YOUR INSTRUCTIONS ▸
Verbatim copy, images omitted: return the full listing.

DATA BELOW ▸
------
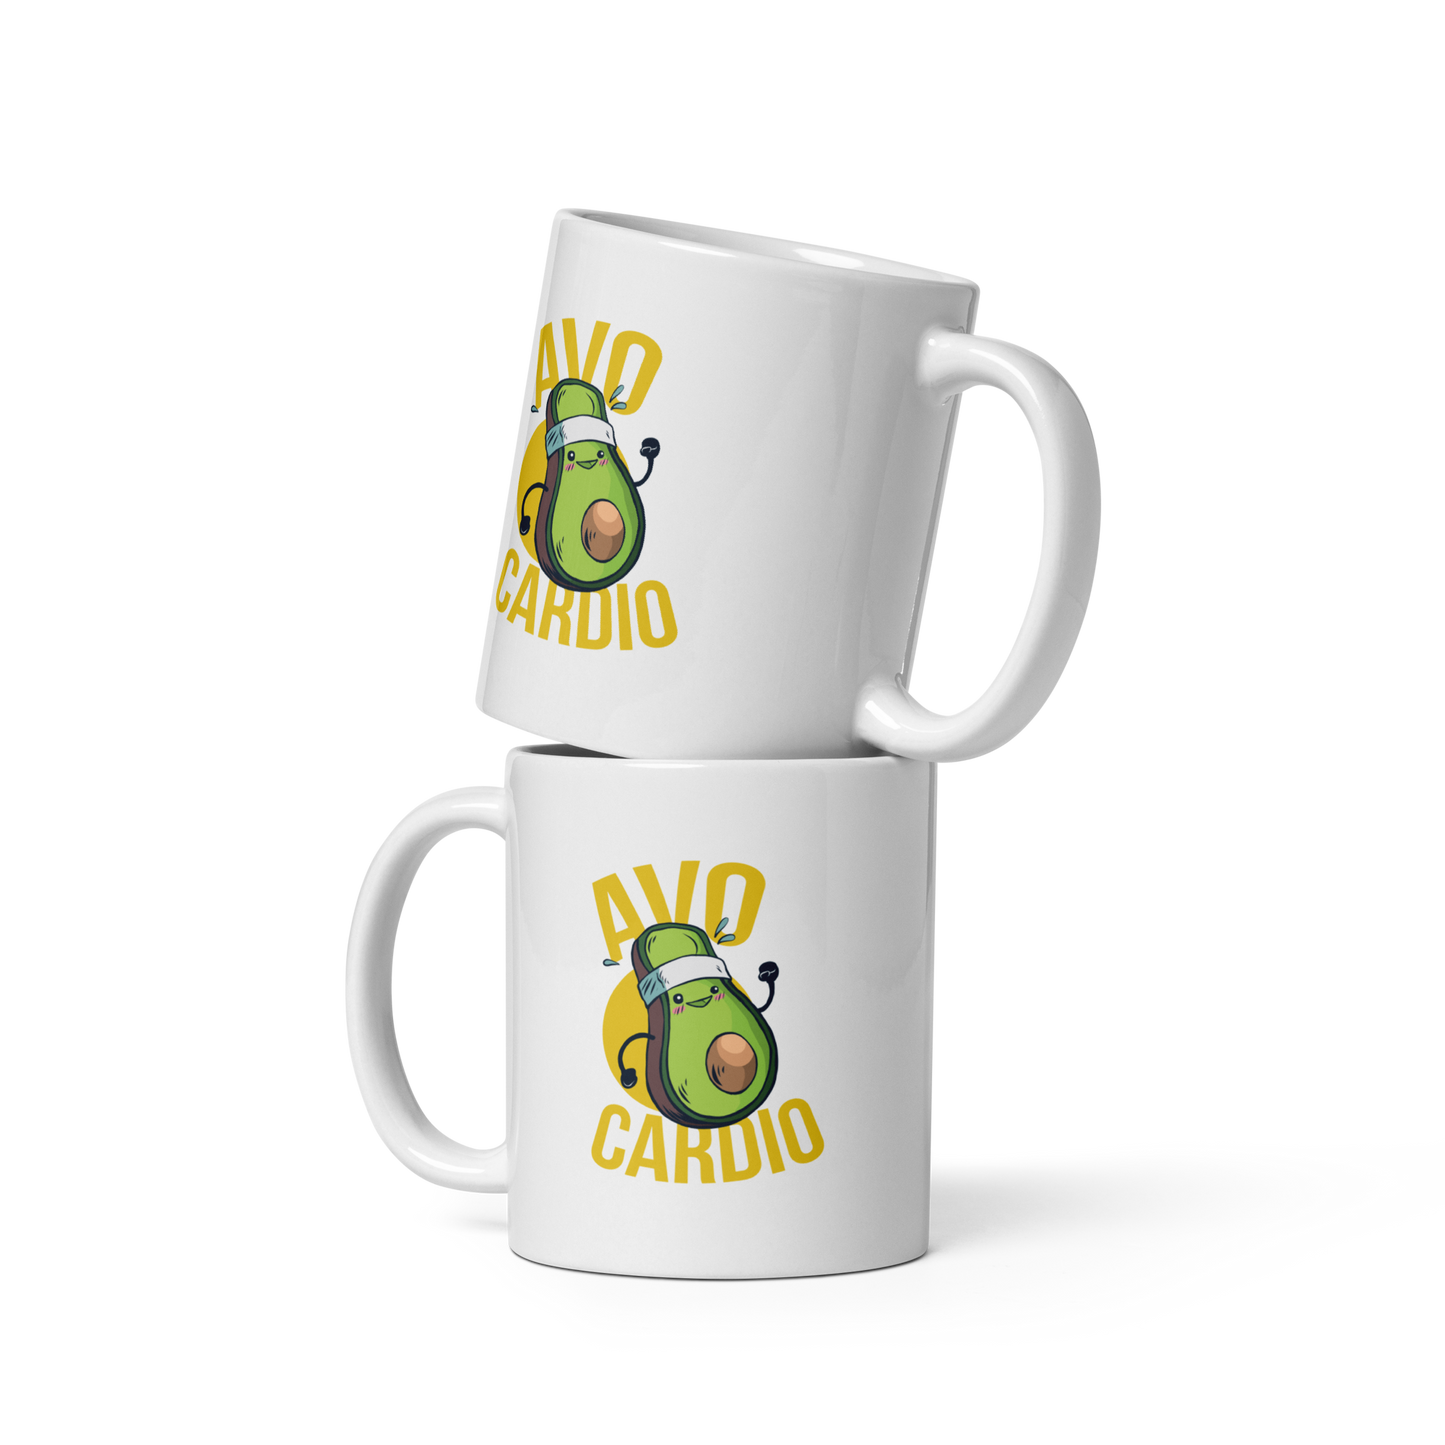 Avocardio | White glossy mug
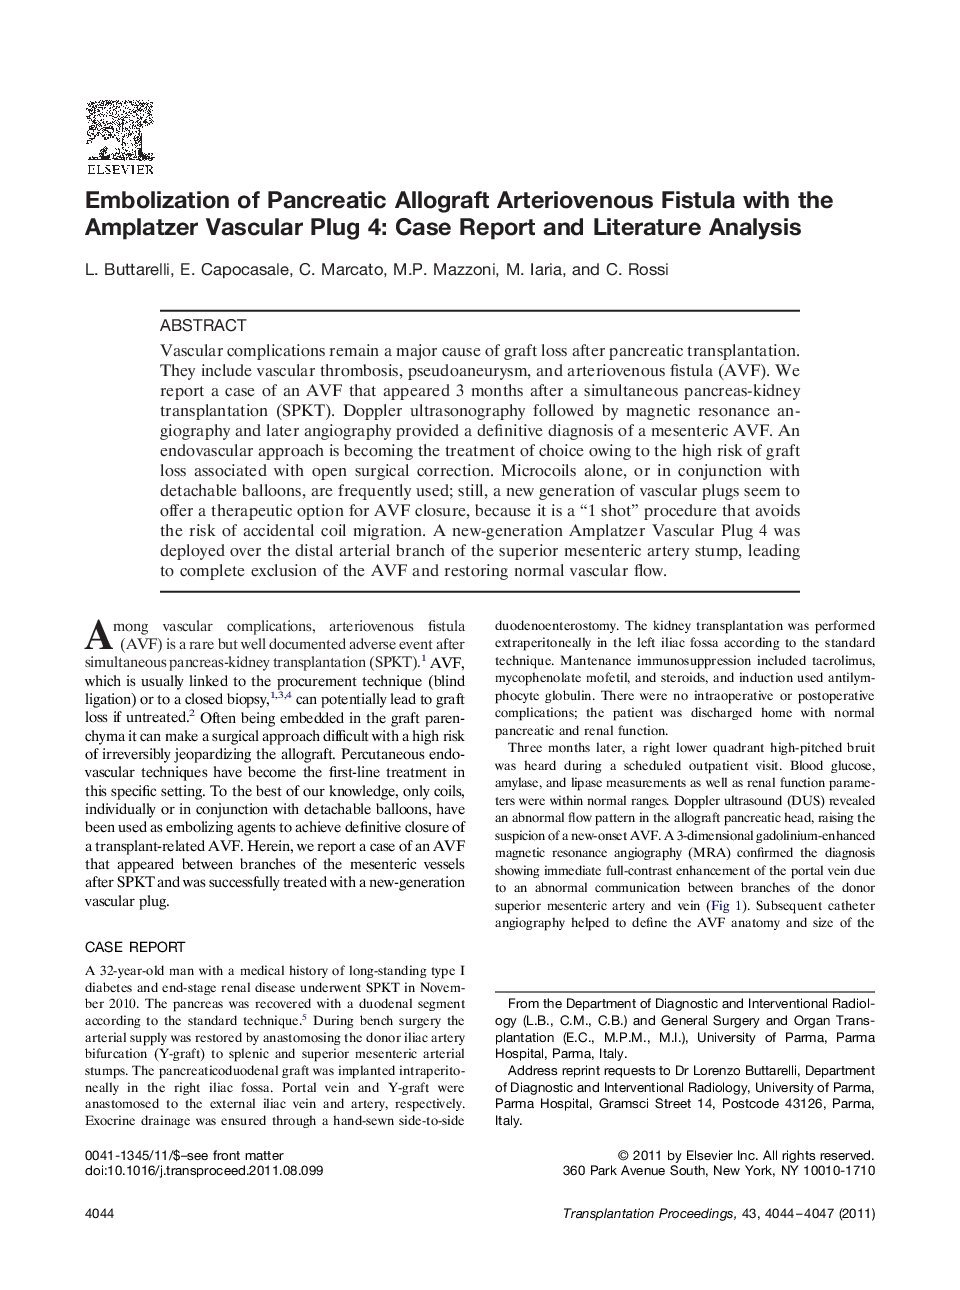 Case reportPancreas transplantationEmbolization of Pancreatic Allograft Arteriovenous Fistula with the Amplatzer Vascular Plug 4: Case Report and Literature Analysis
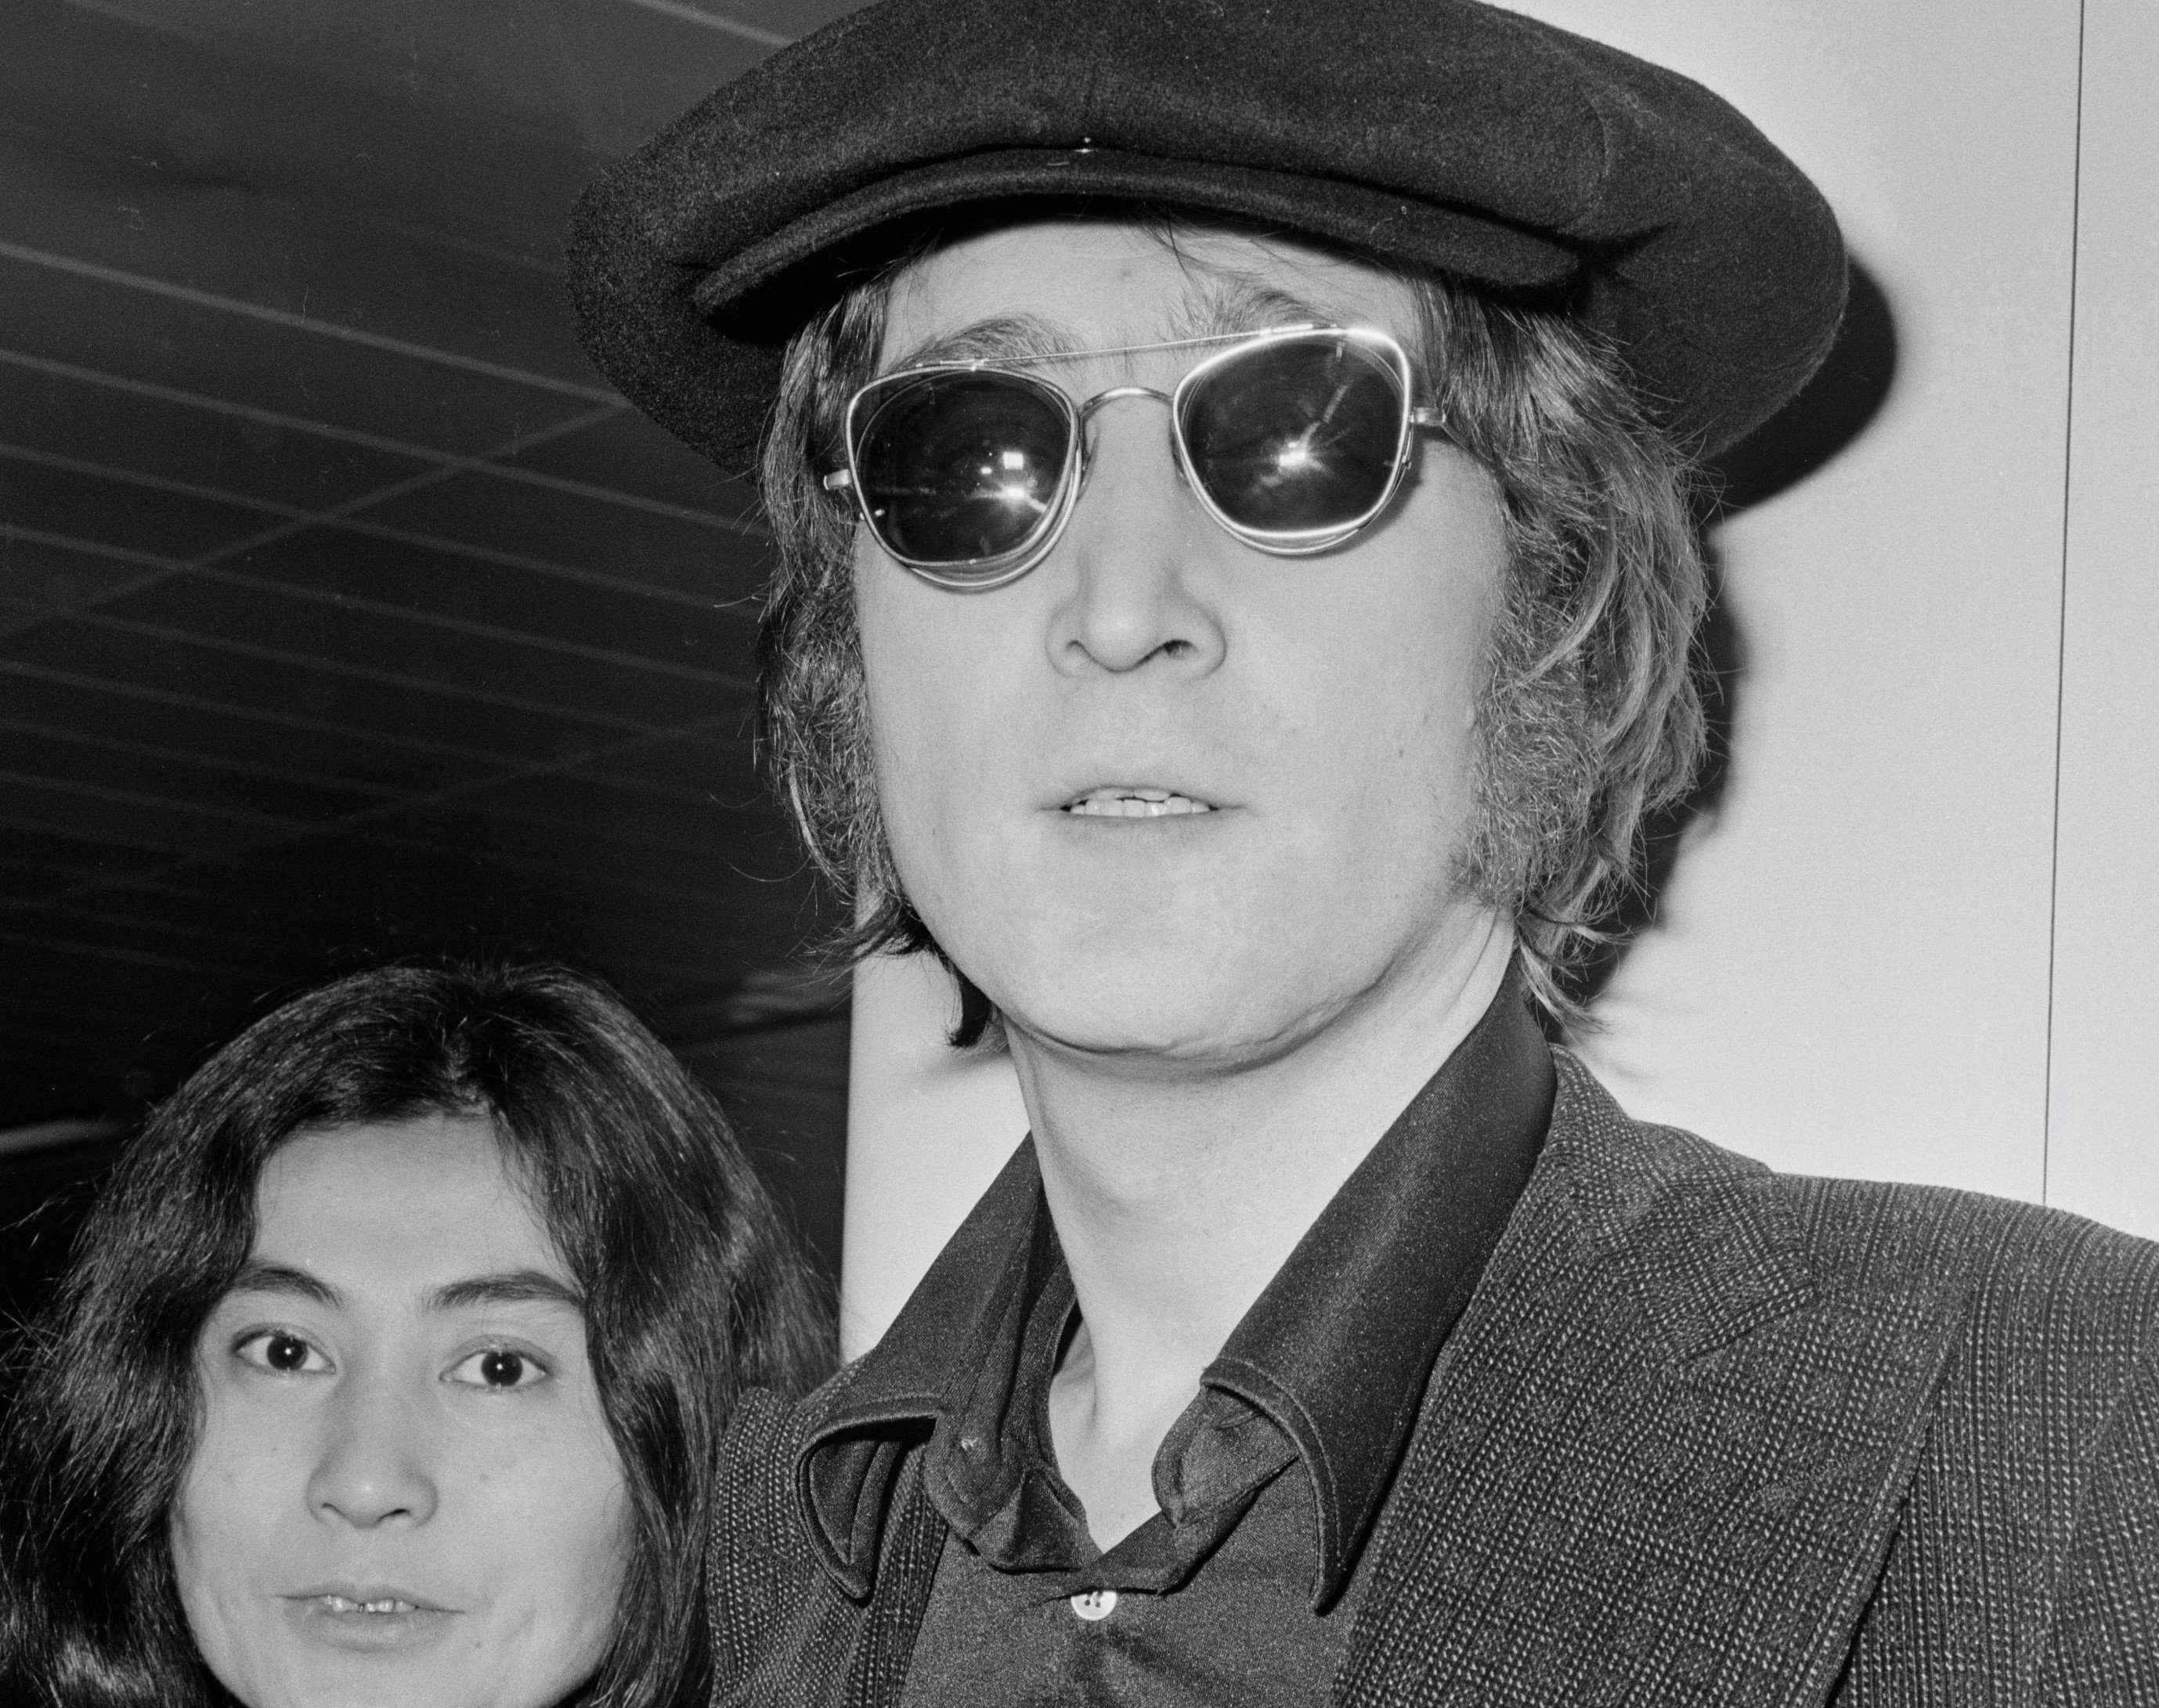 Yoko Ono and John Lennon in black-and-white
------
TASK RESPONSE ▸
 Avocardio | White glossy mug
 Case reportPancreas transplantationEmbolization of Pancreatic Allograft Arteriovenous Fistula with the Amplatzer Vascular Plug 4: Case Report and Literature Analysis
 Yoko Ono and John Lennon in black-and-white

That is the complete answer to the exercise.